25 Apr, 2017 Mech Dara and Erin Handley
By yesterday morning, two bodies had bled out on the dirt in a Kandal village, the bloody aftermath of Cambodia’s latest chilling incident of mob violence, this time in Kandal Stung district’s Roka commune.
And though both men were murdered, seemingly no one will face a court, with police apparently willing to place responsibility on a mob mentality.
The first man, Lounh Lon, 62, was a father to seven daughters who rebuffed the persistent requests of one suitor, Suon Ottara, 35, who was seeking to marry one of them. At 10pm on Sunday, Ottara allegedly hacked Lon to death as he lay sleeping in a hammock next to his wife, Wor Rey, 60, and their 10-year-old grandson.
Ottara attacked Lon’s head and hands, and twisted a blade into his heart, before also attacking Rey. Her injuries – a partly severed ear and cuts to her neck, shoulder and stomach – required emergency surgery at Phnom Penh’s Preah Kossamak Hospital yesterday.
Hearing cries for help, 30 to 40 people – around half the village – converged on the scene. In the words of Men Chanrith, Kandal Stung district police chief, “the people made a trial for him”. “Villagers took action against him and he was killed.”
After surrounding Ottara, who had holed himself up in a room, the villagers pelted him with rocks and hurled hot water into the room to force him out. The siege continued until around 3:30am, when Ottara was dragged out and beaten with fists, rocks and wooden sticks until he died.
Standing where the suspect was killed, one of Lon’s daughters, Lounh Rattana, defended the actions of the crowd. “We are upset,” Rattana said, her face red from crying. “My father was in so much suffering when he died. The suspect deserved this because he was very brutal.”
For Rattana, Ottara’s fate is a “better justice” than that afforded by the courts.
“It is better that he dies by the villagers’ hands, rather than going to court, because my father is already dead and maybe [Ottara] would not have spared other people if he survived,” she said. “This is a life exchanged for a life, not exchanging a life for jail.”
At hospital with their mother, another daughter, Lon Souna, said she was shocked when she heard of her father’s death, but somewhat relieved to hear his alleged murderer had been killed.
“I am not angry any more. It is finished,” she said.
Their views were shared by the overwhelming majority of villagers The Post spoke with yesterday. Though many asserted the killing was the right thing to do, they were also unwilling to put their names to their claims.
“The whole family could have been killed.

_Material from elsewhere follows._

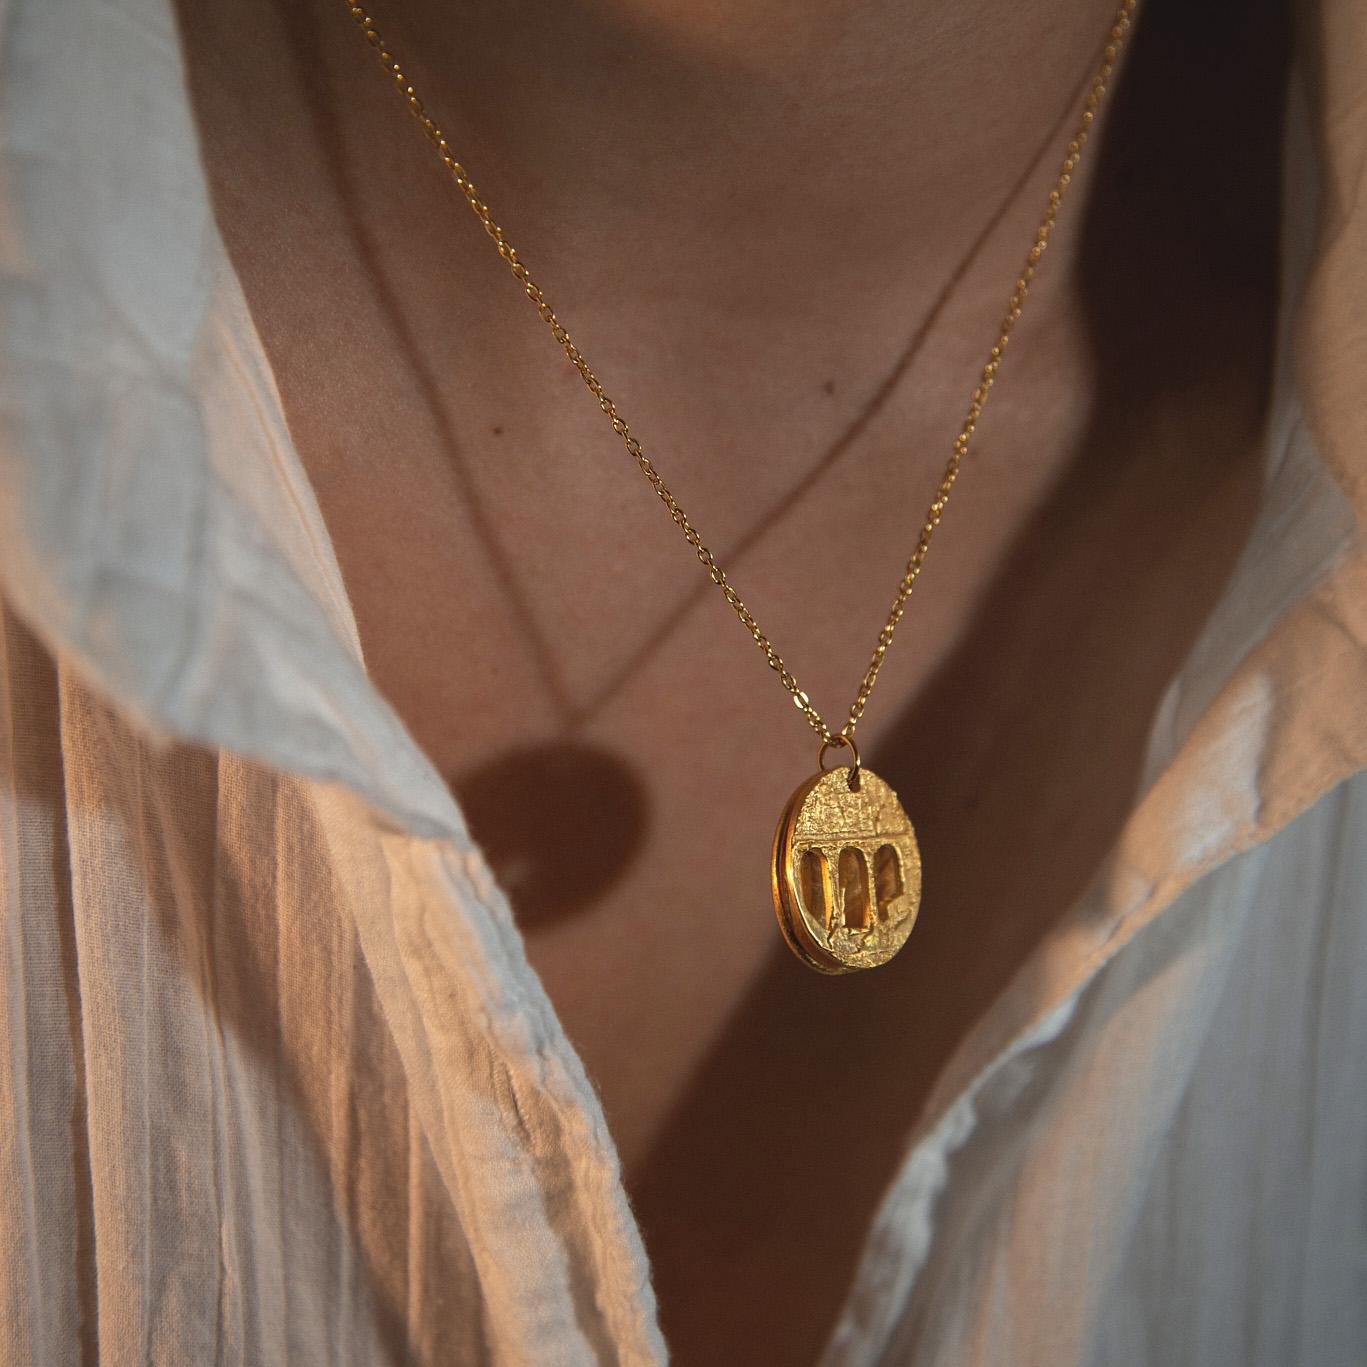 Encapsulating the essence of the earthen era, Dweller's Duality Necklace is crafted with a unique texture that mimics the rough and rugged surfaces of the caves and hoodoos that define the landscapes of Cappadocia.

Dweller's Duality Necklace is

He must die,” said one woman, rocking her child in a hammock. “[The villagers did] nothing wrong. If we do not kill him, and he kills the whole family, who is responsible for this? It depends on whether we are going to let the man continue to torture and kill again.”
Another, explaining the villagers were fuelled by anger, agreed the killing was necessary to prevent further carnage. One villager, glancing sideways at reporters, softly suggested that Ottara had not been killed, but instead had committed suicide.
But the police response to the incident remains in question. Though police officer Veatep Sovan said that authorities did not arrive on scene until after Ottara had already passed away, his superior, commune police chief Men Sitha, declined to provide an official comment yesterday.
“Just write what the villagers said,” Sitha said. Yet villagers gave contradictory accounts, with some suggesting police were present during the siege, while others said they showed up only after the
suspect was killed. Both scenarios, however, raise questions: If there, why not intervene? And if they weren’t present, why not?
suspect was killed. Both scenarios, however, raise questions: If there, why not intervene? And if they weren’t present, why not?
For Naly Pilorge, deputy director of advocacy at right’s group Licadho, mob violence is often a result of the failure of authorities to mete out justice. “The tragedy in this village . . . is yet another sad example of people using extreme violence due to the lack of trust towards the police and the courts,” she said.
Ngov An, Roka village chief, said his community would miss the “gentlemanly and friendly” Lon, and hinted that there was safety in numbers for those who had taken justice into their own hands. Even if police or the courts wanted to punish the villagers, singling them out would be no easy task.
“Although I was there, I cannot point out who is who . . . because there were too many people and so you cannot arrest anybody,” An said. “I cannot stop them because they would not listen to me, and there were about 30 to 40 villagers.”
Provincial police chief Eav Chamroeun said police would make a report and send it to the court, leaving it to a judge to decide whether to pursue legal action against the villagers.
While Lon’s body lay buried in soft pink blankets as his family wept and prepared a funerary pyre, Ottara’s body, swathed in clear plastic, was taken and dumped in a field.
Authorities planned to bury him there, to the chagrin of residents; they feared the circumstances of his death might prompt his ghost to lash out, and the plot was close to a road where children travelled back and forth from school every day.
With rope, two men dragged his corpse across a small pond to the water’s edge, where the body laid for hours until relatives arrived to collect it. Blood seeped from the plastic sheath, mingling with the muddy water.
Without a word, Ottara’s family stepped out of an ambulance, burned small sticks of incense, and took him away.